Now on to what we, the voters, can do before statewide voting commences in November. The buzzterm to remember is collective action, the lack of which has historically been the foremost impediment to popular resistance against the whims of an elite class bent on controlling the existing power structure. It is why revolutions are so rarely successful, and when they are why they themselves soon revert to preserve-at-all-costs tactics themselves. The stakes are obviously lower in a democratic republic like ours. As prominent sociologist Elias Canetti put it in Crowds and Power (1960), in democracies “[t]he member of an outvoted party accepts the majority decision, not because he admits defeat. It is easy for him to do this because nothing happens to him: he is not punished in any way for his previous opposition.” Canetti continues that the outvoted “would react quite differently if his life was endangered.” Instead, he can look forward to “future battles, and many of them; in none of them will he be killed.” In this spirit, the best those opposed a large chunk of the legislation slated for this session can do is to organize, organize organize—identify areas of political vulnerability on policies with which you disagree, and coalesce around them. Groups like ours make this easy, as we can do much to keep our subscriber base informed of the good, the bad, the ugly, and what we all can do about any of it. If we lose, as Canetti noted we can take solace that our heads will remain on our shoulders for the future battles that await.

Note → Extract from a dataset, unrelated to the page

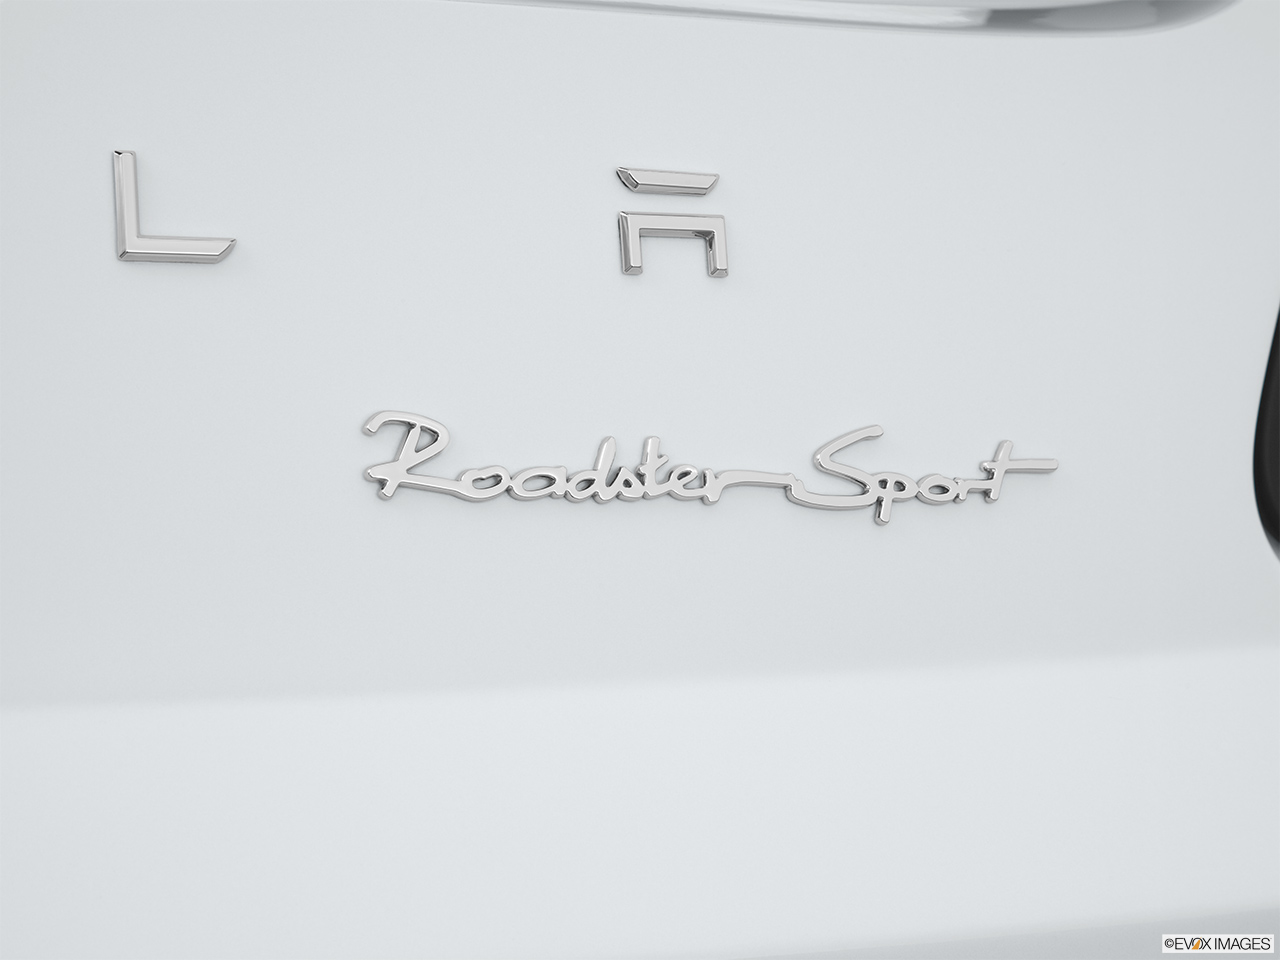 2010 Tesla Roadster sport Rear model badge/emblem

In a political society in which disagreements do not—for the most part—devolve into violence of the type Canetti spoke, those out of power can do a lot to organize. They can initiate petition drives, host town hall meetings and candidate forums, gently draw open-minded friends and family to their cause, among many other “soft power” mechanisms. It is true that half if not more of politics is grassroots, and that means it starts with you and me. Perhaps this comes as a disappointment. It is much more assuring for someone else to do the political organizing for us. But ultimately it is our responsibility as members of the electorate—the polity. And until statewide voting commences in November, we must limit ourselves to these soft, grassroots tactics—though without letting this underdog perception prevent ourselves from fostering real change.

So, here’s to a new year of enhanced grassroots political engagement that, by November 2024, should position those who love freedom to overperform in a state that has  experienced decades of government expansion at the expense of the private sphere.